EXERCISE BRIEF: Here the job is to retype the data word for word while leaving the pictures aside.

DATA SECTION:
BEGIN
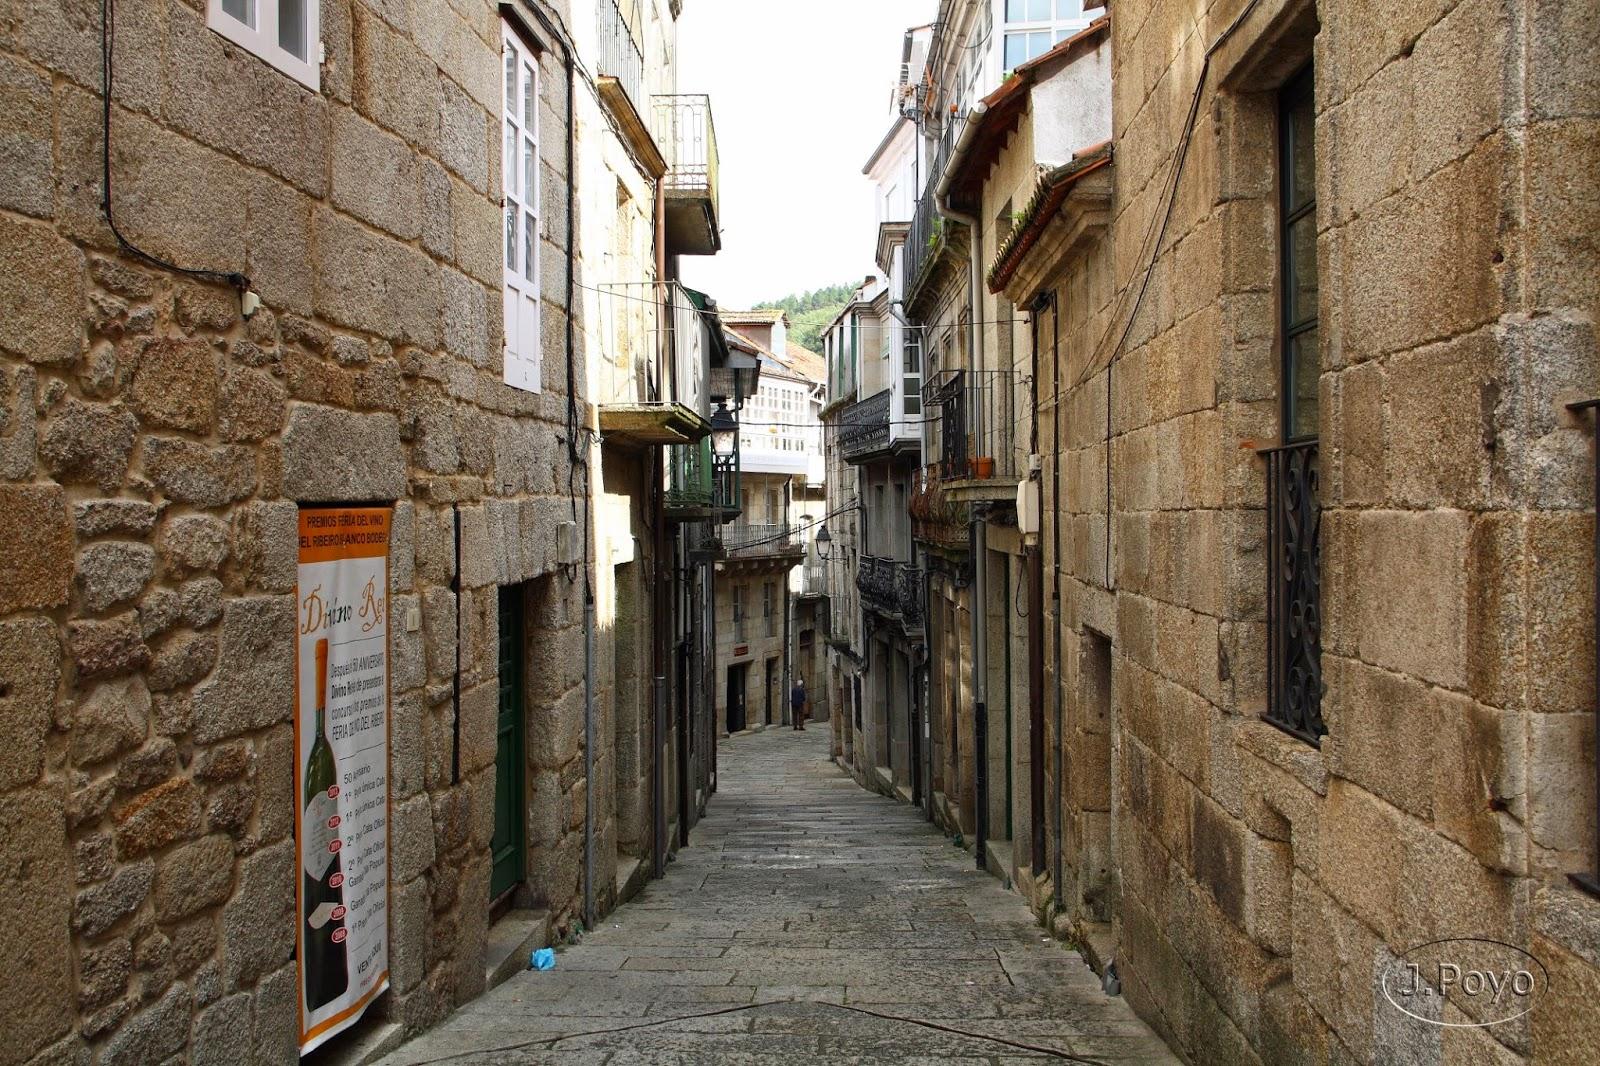 Callejuelas barrio judío de Ribadavia
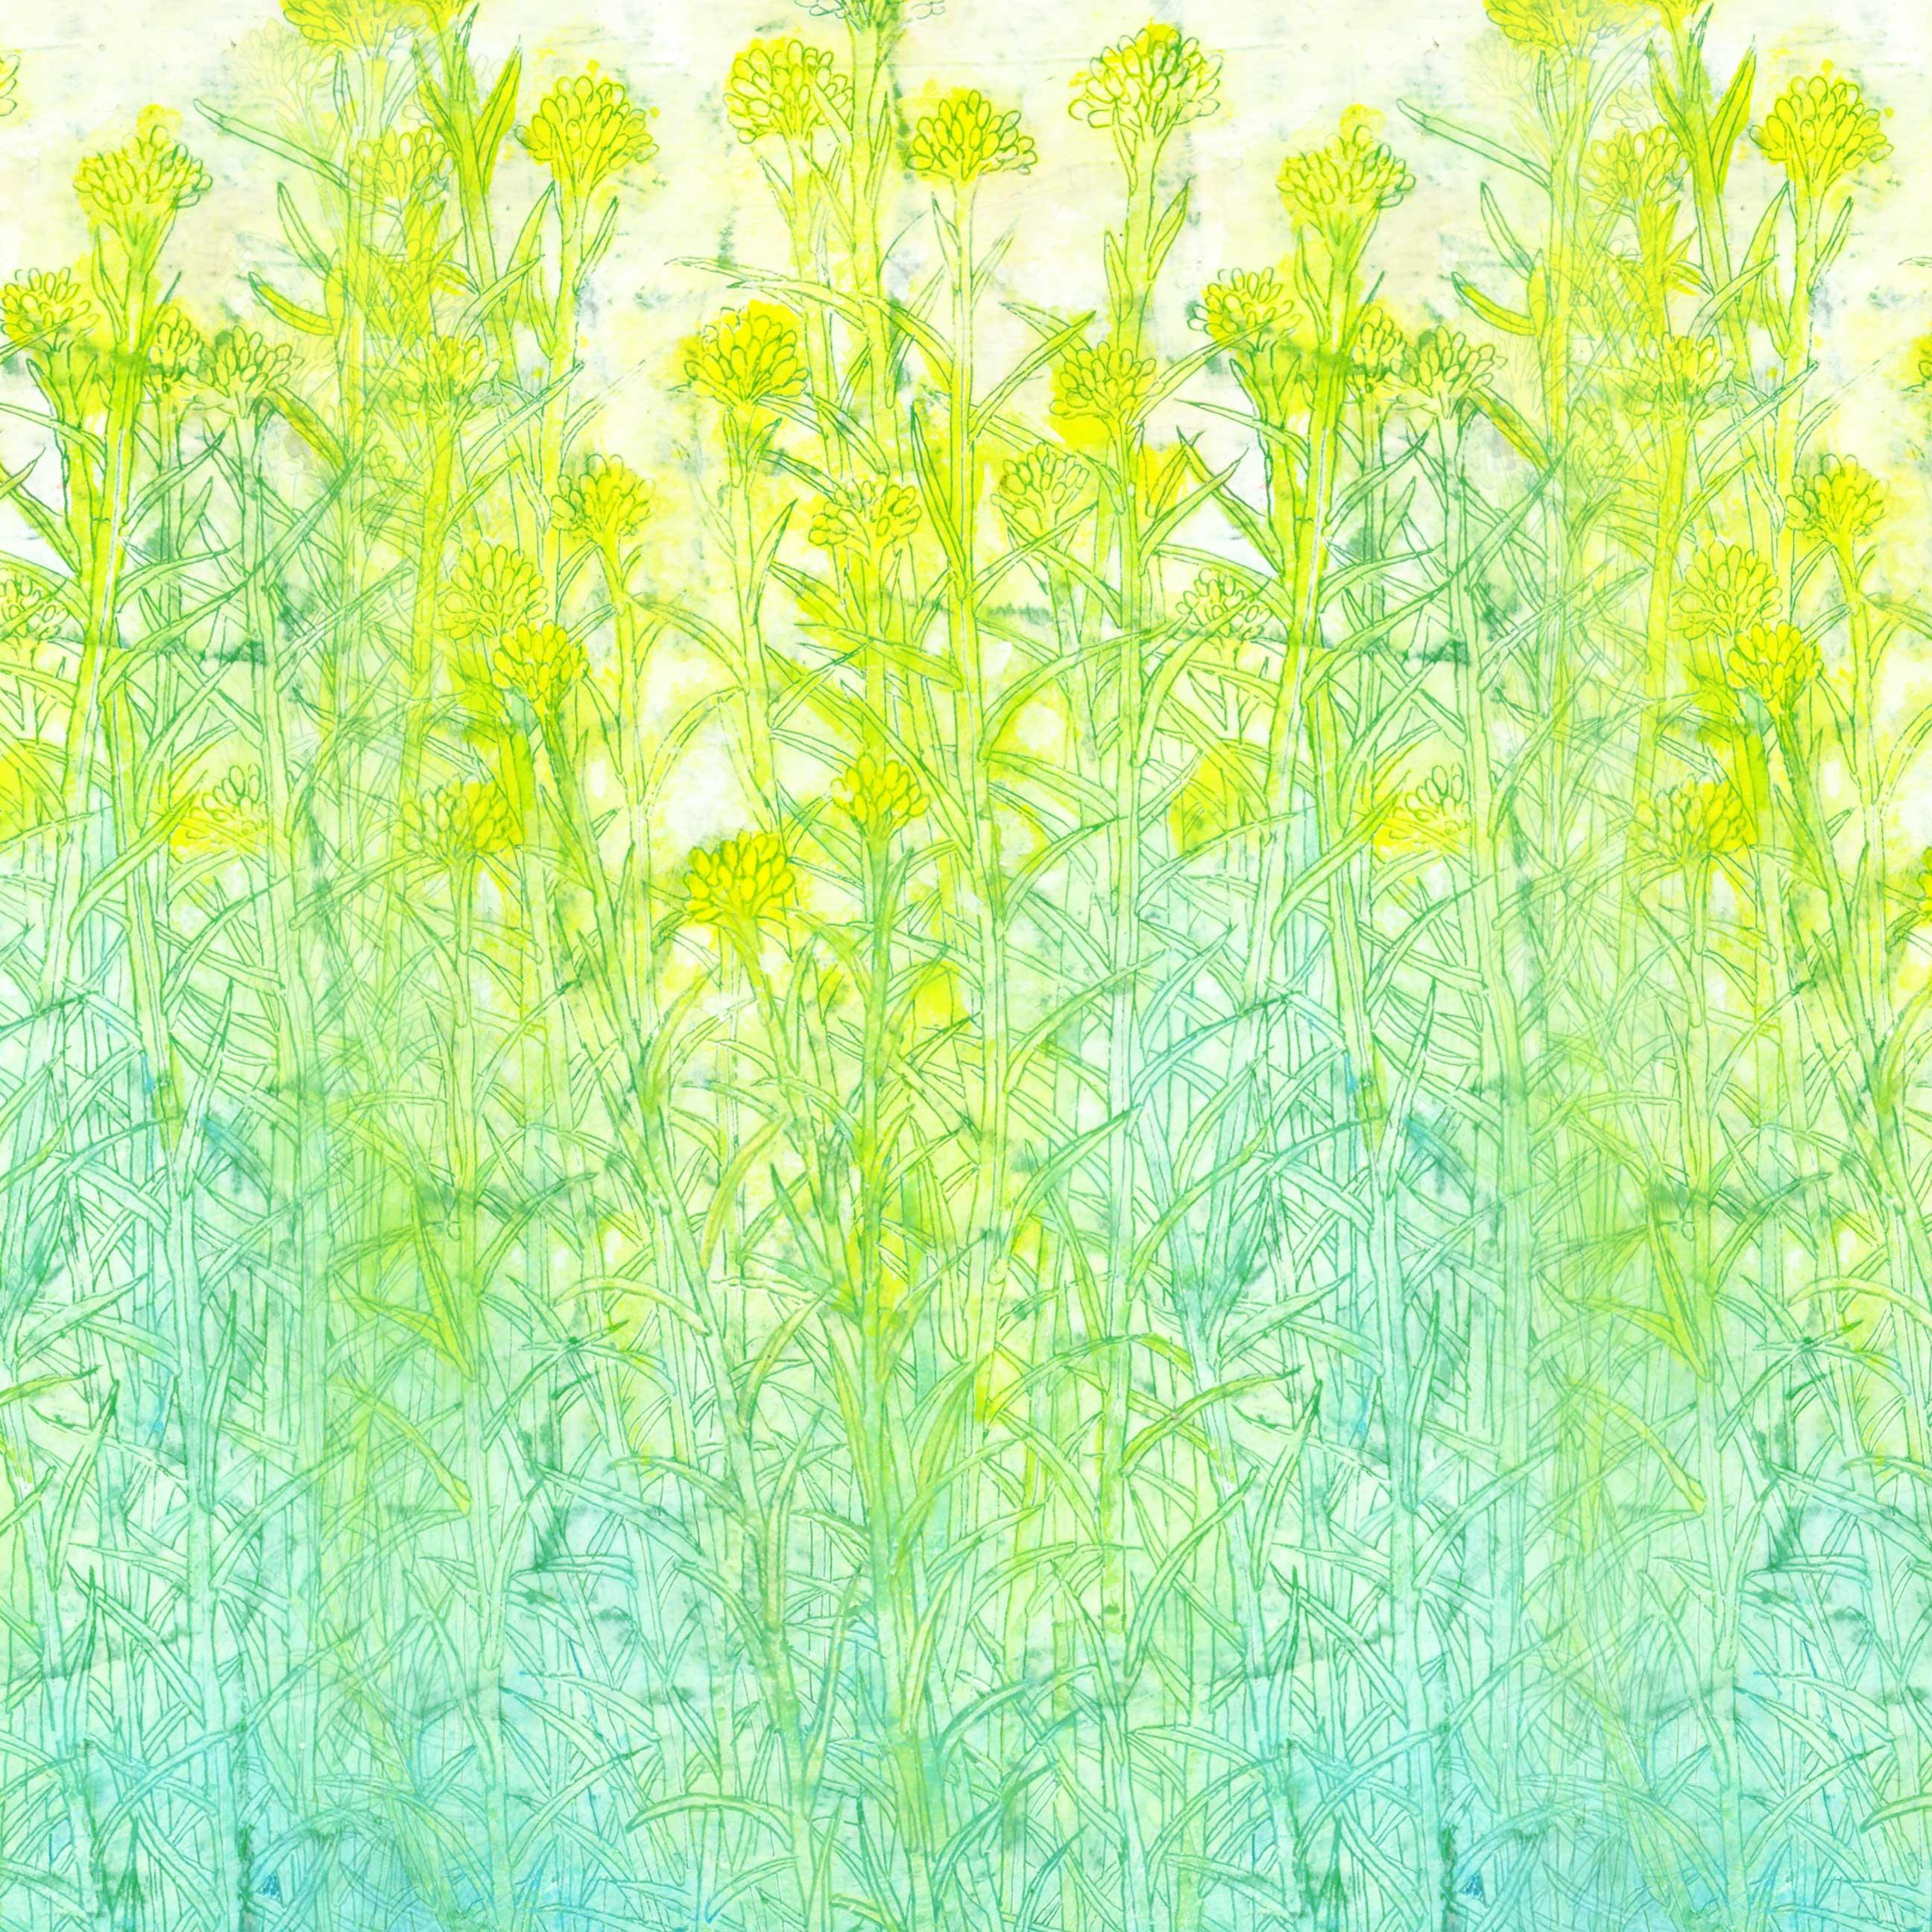 wp yellowgreen Planted スマートフォン用壁紙
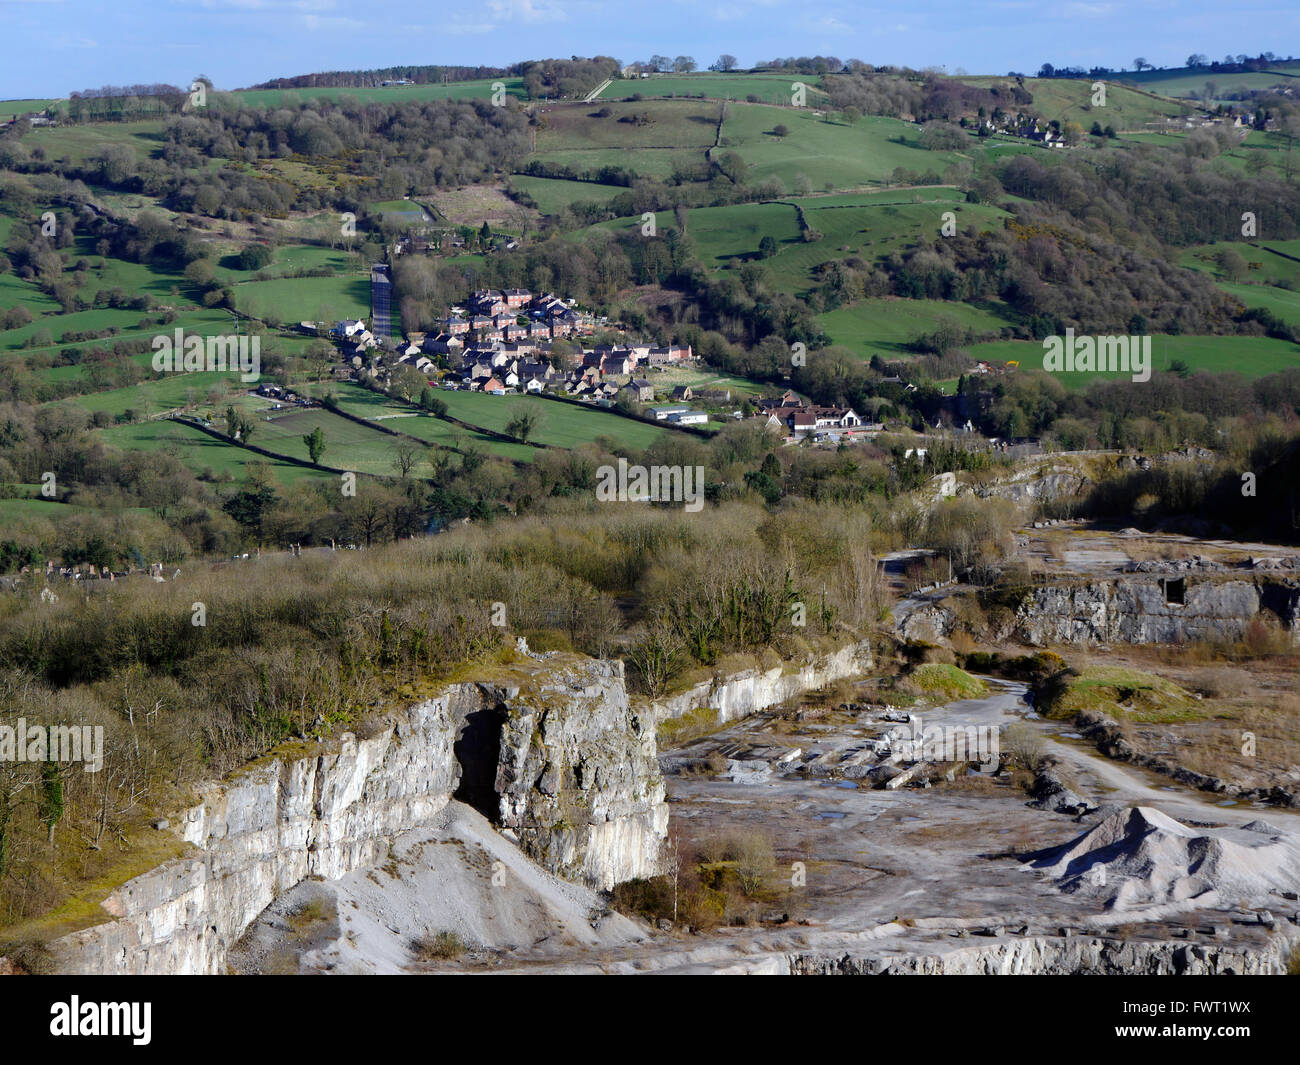 limestone quarry at Wirksworth Cromford village town Peak District – Peak Park Planning
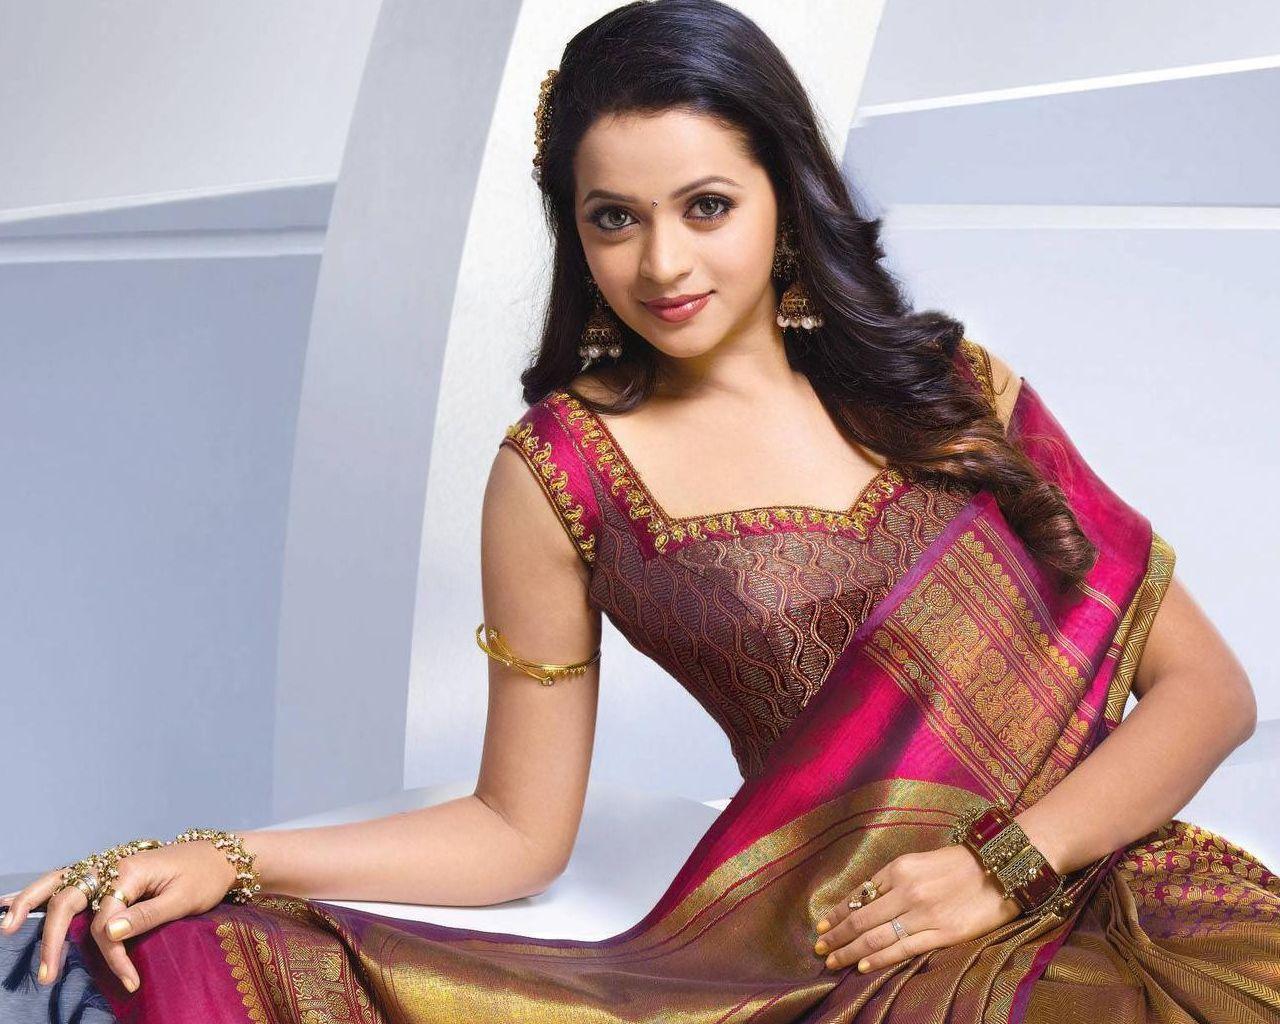 Beautiful actress bhavana httpnicewallpaperswallpaper bhavana in silky brown and red dress hd desktop wallpaper more wallpaper of bhavana at english wallpapers altavistaventures Image collections
END
ANSWER AREA:
 Callejuelas barrio judío de Ribadavia
 wp yellowgreen Planted スマートフォン用壁紙
 limestone quarry at Wirksworth Cromford village town Peak District – Peak Park Planning
 Beautiful actress bhavana httpnicewallpaperswallpaper bhavana in silky brown and red dress hd desktop wallpaper more wallpaper of bhavana at english wallpapers altavistaventures Image collections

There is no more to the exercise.